Step 3: Register the SimObject and C++ files

  • Edit src/hpca_tutorial/SConscript
Import('*')

SimObject('HelloObject.py')
Source('hello_object.cc')
  • Explain the SConscript file

Step 4: Recompile

  • Recompile gem5
scons -j5 build/X86/gem5.opt

Step 5: Write a run/config script

  • Edit configs/hpca_tutorial/hello_run.py
  • Again, import all gem5 objects
import m5
from m5.objects import *
  • Create the root object
root = Root(full_system = False)
  • instantiate the hello object
root.hello = HelloObject()
  • instantiate gem5 objects in C++ and run the simulation
m5.instantiate()

print "Beginning simulation!"
exit_event = m5.simulate()
print 'Exiting @ tick %i because %s' % (m5.curTick(), exit_event.getCause())
  • Run gem5!
build/X86/gem5.opt configs/hpca_tutorial/hello_run.py
../_images/switch.png

Switch!

  • Go through the slides explaining these steps again.

Debugging gem5

../_images/switch.png

Switch!

  • Using iostream is bad! Think of what would happen if every single object had lots of print statments?

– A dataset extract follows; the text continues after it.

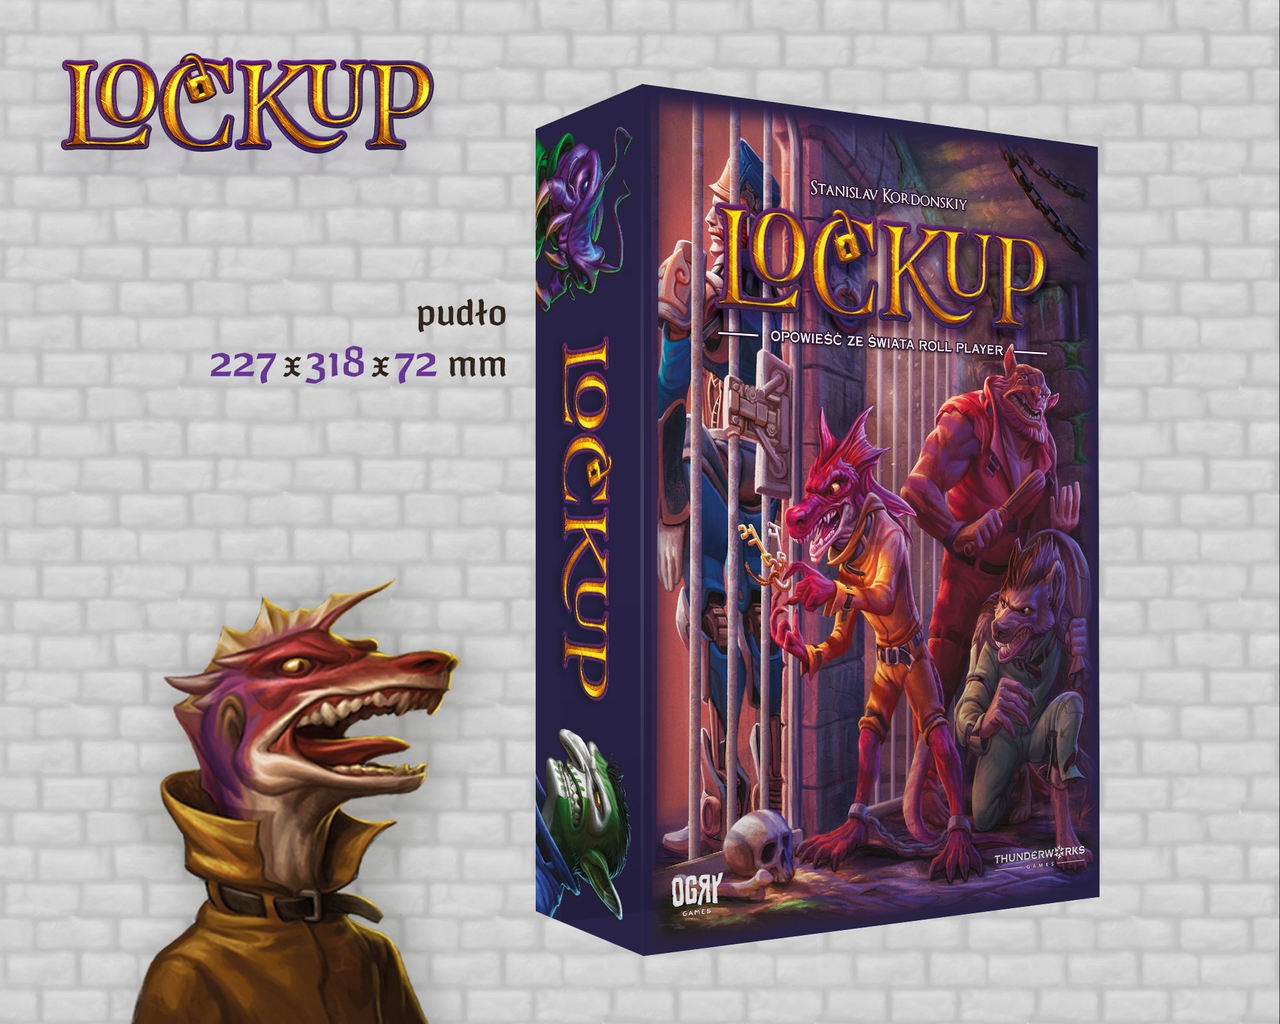 Lockup: Opowieść ze świata Roll Player + Kulbak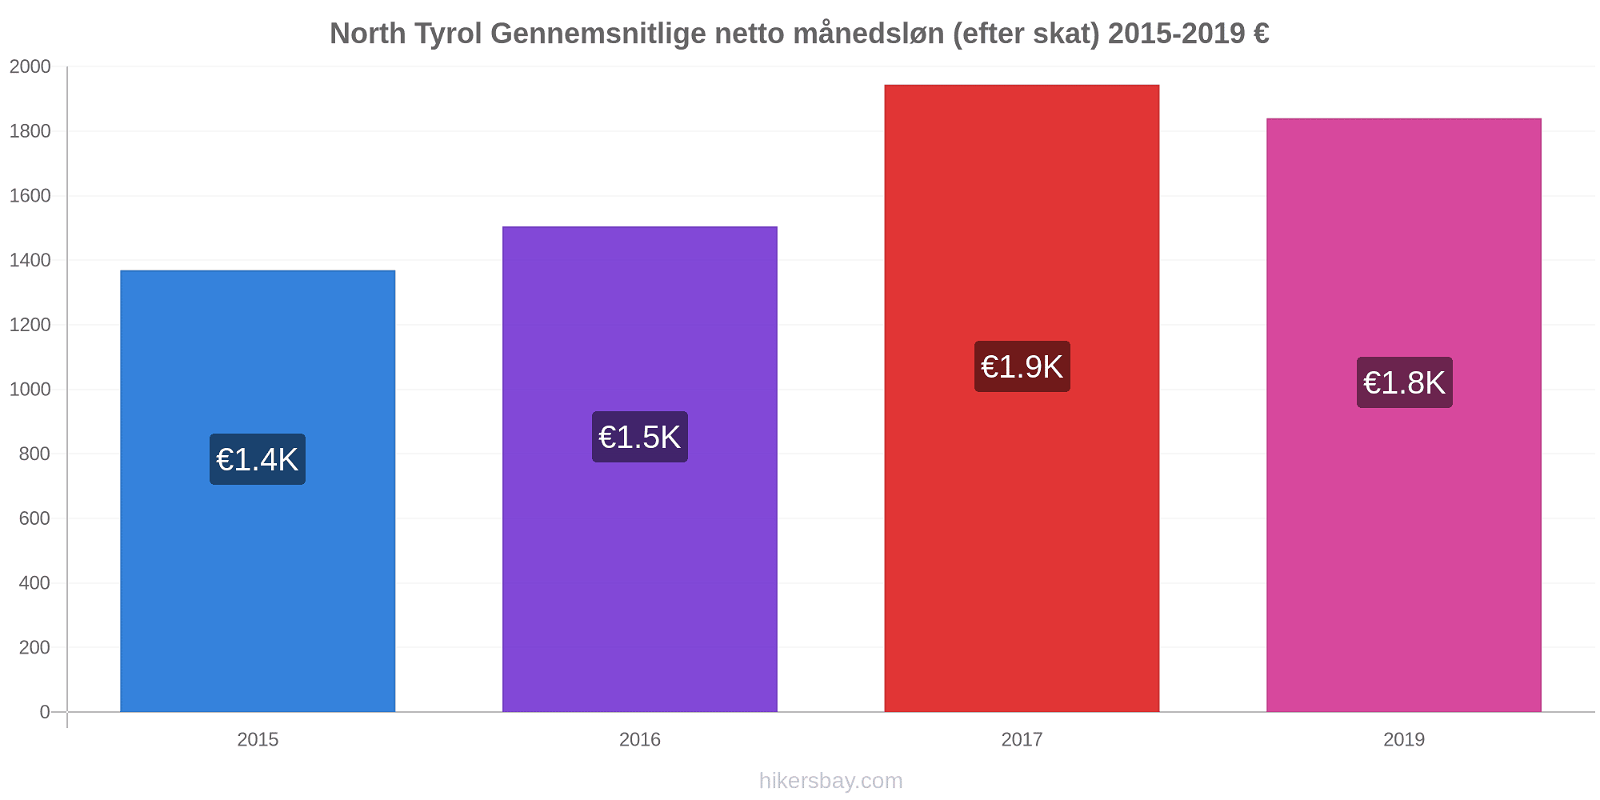 North Tyrol prisændringer Gennemsnitlige netto månedsløn (efter skat) hikersbay.com

How about when you need to debug something and you have to add a million print statements?
  • Solution: Debug flags!
  • Let’s look at a couple of examples:
  • Debug flags go between the gem5 binary and the config script.
build/X86/gem5.opt --debug-flags=DRAM configs/learning_gem5/part1/simple.py | head -n 50
  • Debug statements show you the name of the SimObject (as defined in Python) and the tick it was printed on.
  • You can use the following to see what Debug flags exist
build/X86/gem5.opt --debug-help
  • Other things you can do
    • Break at a certain tick
    • Start/stop debugging at certain ticks
    • Redirect to a file
    • Ignore certain SimObject’s output

  • Declare a debug flag in src/hpca_tutorial/SConscript
DebugFlag('Hello')
  • Add a debug statment in src/hpca_tutorial/hello_object.cc
# include "debug/Hello.hh"

...

DPRINTF(Hello, "Created the hello object\n");
  • Build gem5 and run it with “hello” debug flag
build/X86/gem5.opt --debug-flags=Hello configs/hpca_tutorial/hello_run.py
../_images/switch.png

Switch!

  • Go over debugging slide

Event-driven programming

../_images/switch.png

Switch!

  • Add an event wrapper to the HelloObject from last chapter.
  • Add a processEvent function

hello_object.hh

private:
  void processEvent();

  EventWrapper<HelloObject, &HelloObject::processEvent> event;
  • Initialize the event
  • Implement the processEvent function

hello_object.cc

HelloObject::HelloObject(HelloObjectParams *params) :
    SimObject(params), event(*this)

void
HelloObject::processEvent()
{
    DPRINTF(Hello, "Hello world! Processing the event!\n");
}
  • Add a startup function to the header
  • Schedule an event

hello_object.hh

void startup();

hello_object.cc

void
HelloObject::startup()
{
    schedule(event, 100);
}
  • Recompile and run gem5

  • Add two parameters to class: latency, timesLeft

hello_object.hh

Tick latency;

int timesLeft;
  • Initialize these parameters

hello_object.cc

HelloObject::HelloObject(HelloObjectParams *params) :
    SimObject(params), event(*this), latency(100), timesLeft(10)
  • update startup and process event

hello_object.cc

void
HelloObject::startup()
{
    schedule(event, latency);
}

void
HelloObject::processEvent()
{
    timesLeft--;
    DPRINTF(Hello, "Hello world! Processing the event! %d left\n", timesLeft);

    if (timesLeft <= 0) {
        DPRINTF(Hello, "Done firing!\n");
    } else {
        schedule(event, curTick() + latency);
    }
}
../_images/switch.png

Switch!

  • Go over slides related to the above.

Adding parameters

../_images/switch.png

Switch!

  • Talk about simple parameters

HelloObject.py

class HelloObject(SimObject):
    type = 'HelloObject'
    cxx_header = "learning_gem5/hello_object.hh"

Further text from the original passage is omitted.